● **WORK REQUIRED**: Among the entries that follow, the required portion opens with the line containing "September 5, 2019" and closes with the line containing "Two-day getaway to Granada: What to see". Give that portion again exactly, and nothing else.

BEGIN SOURCE MATERIAL

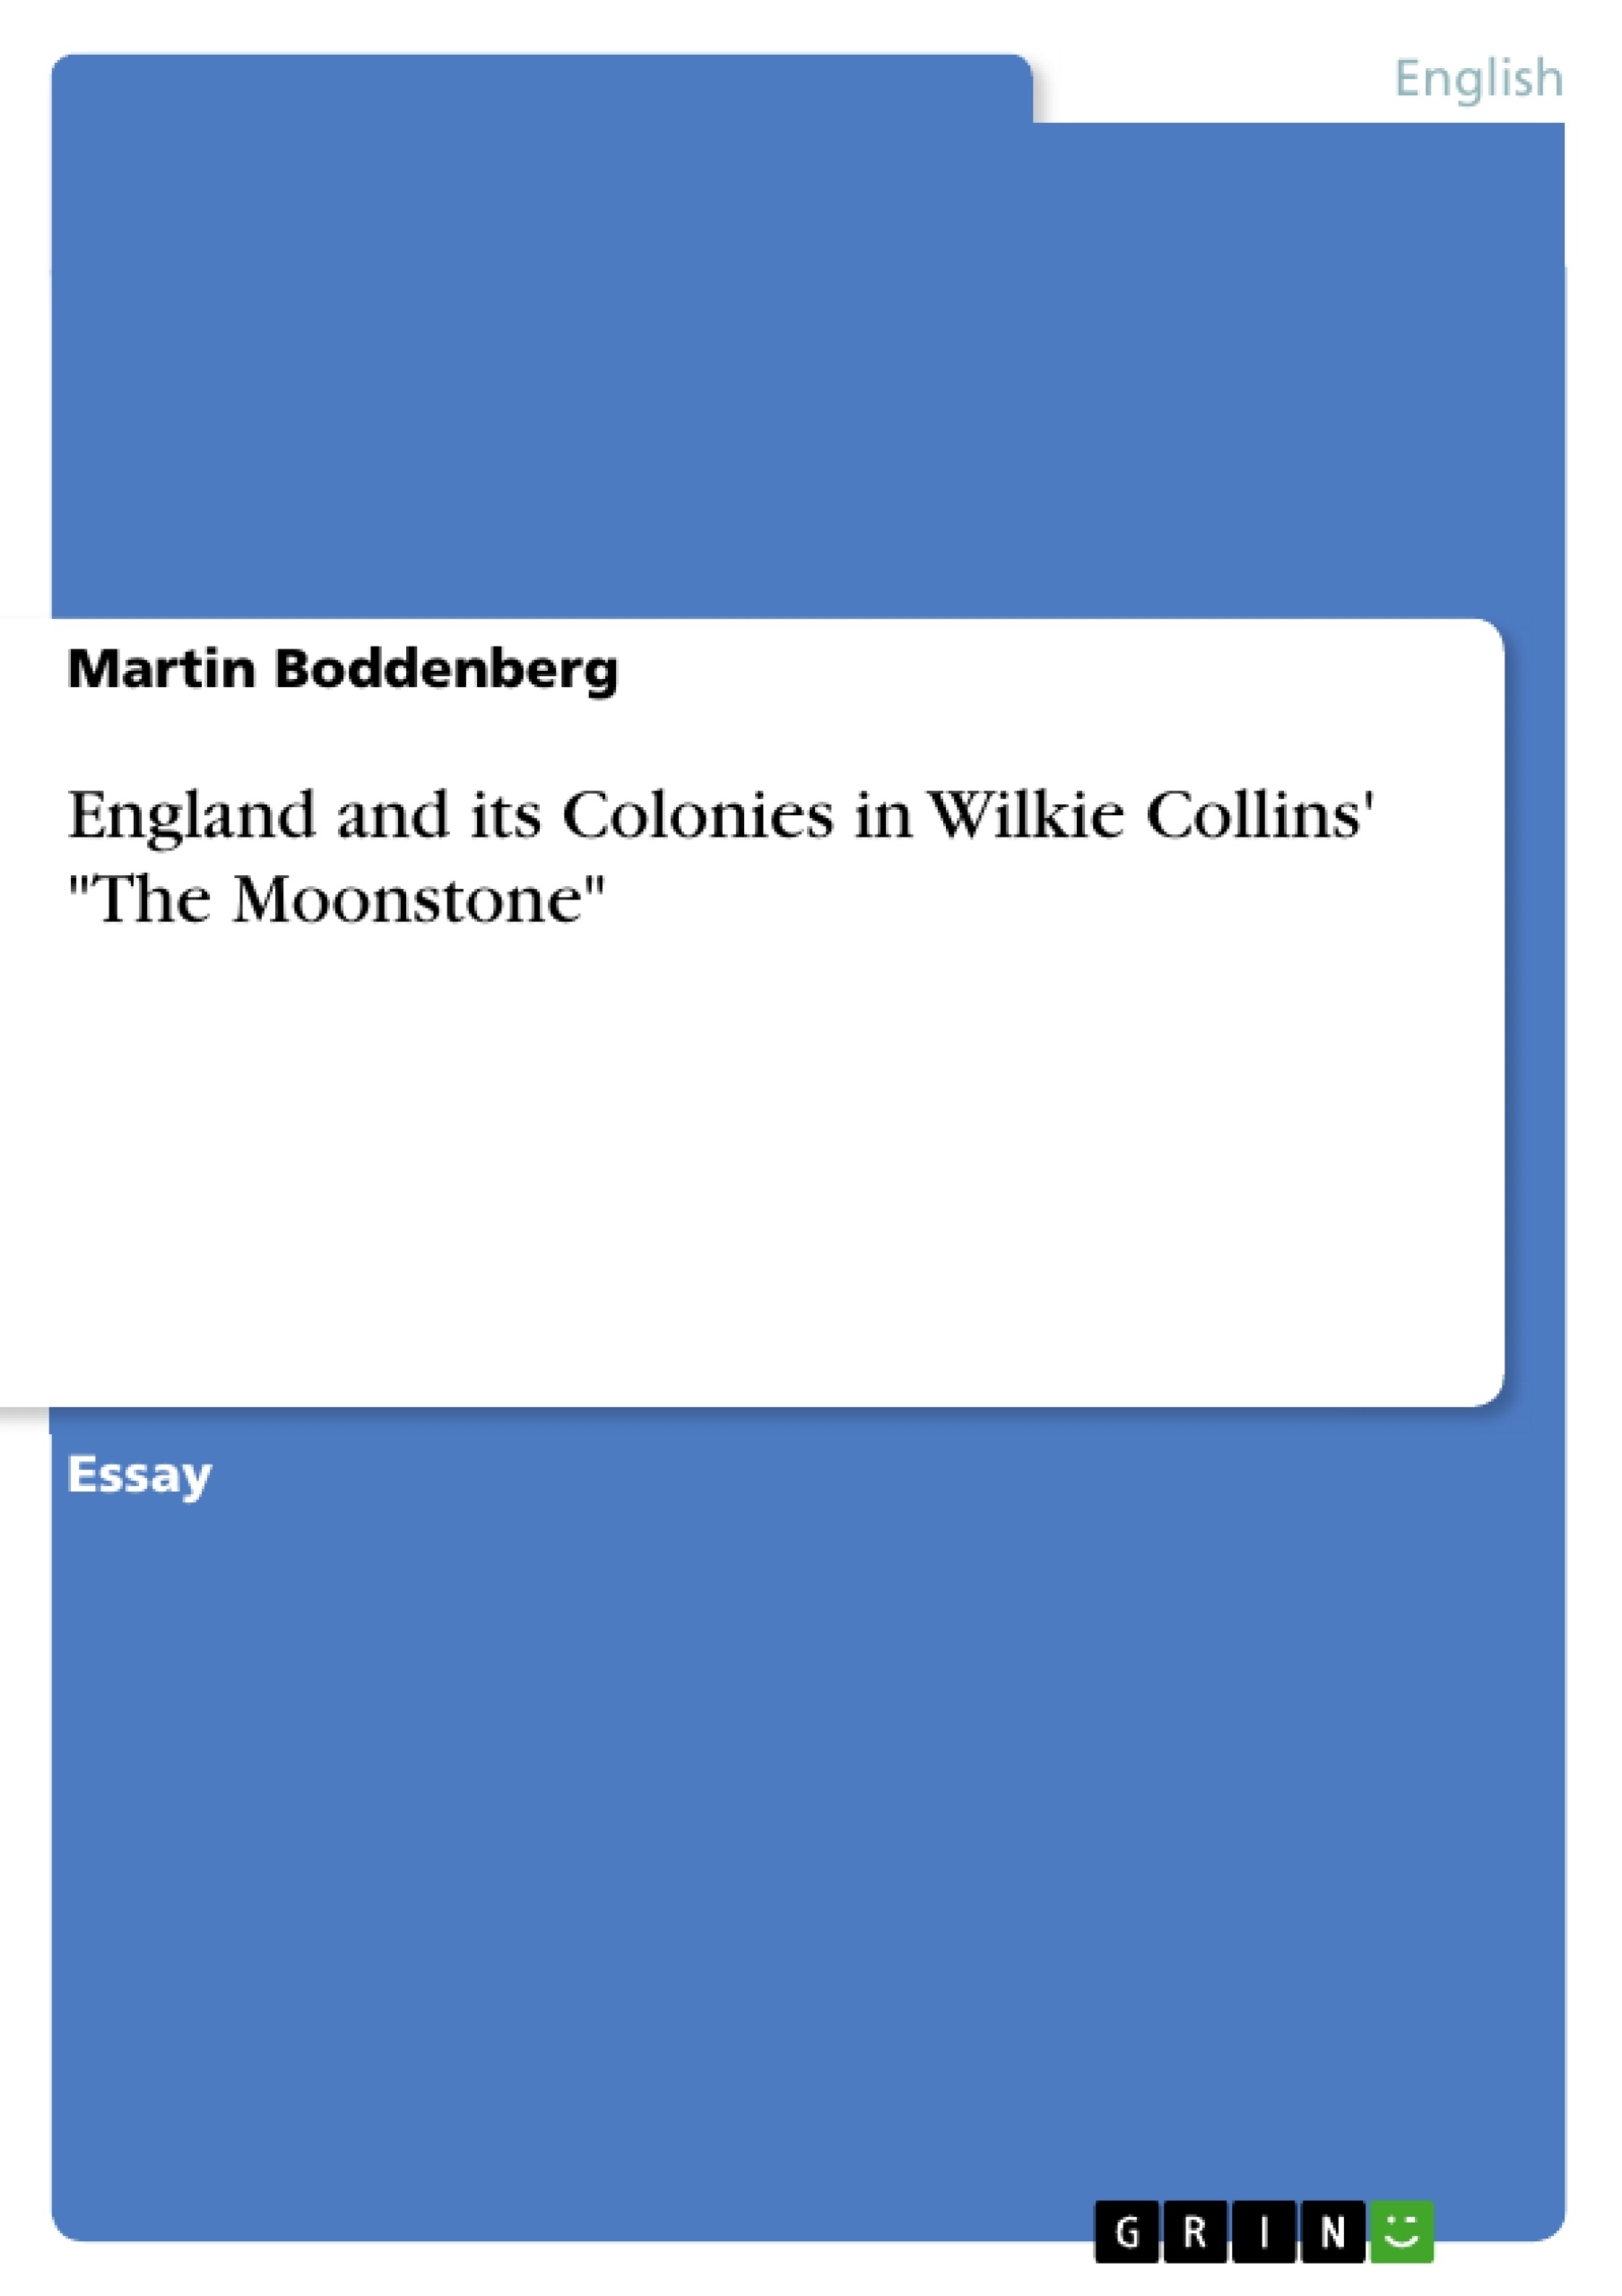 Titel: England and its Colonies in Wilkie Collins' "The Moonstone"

END SOURCE MATERIAL
BEGIN SOURCE MATERIAL

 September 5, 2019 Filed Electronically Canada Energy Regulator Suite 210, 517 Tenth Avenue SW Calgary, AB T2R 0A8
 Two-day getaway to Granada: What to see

END SOURCE MATERIAL

● **OUTPUT OF THE TASK**:
 September 5, 2019 Filed Electronically Canada Energy Regulator Suite 210, 517 Tenth Avenue SW Calgary, AB T2R 0A8
 Two-day getaway to Granada: What to see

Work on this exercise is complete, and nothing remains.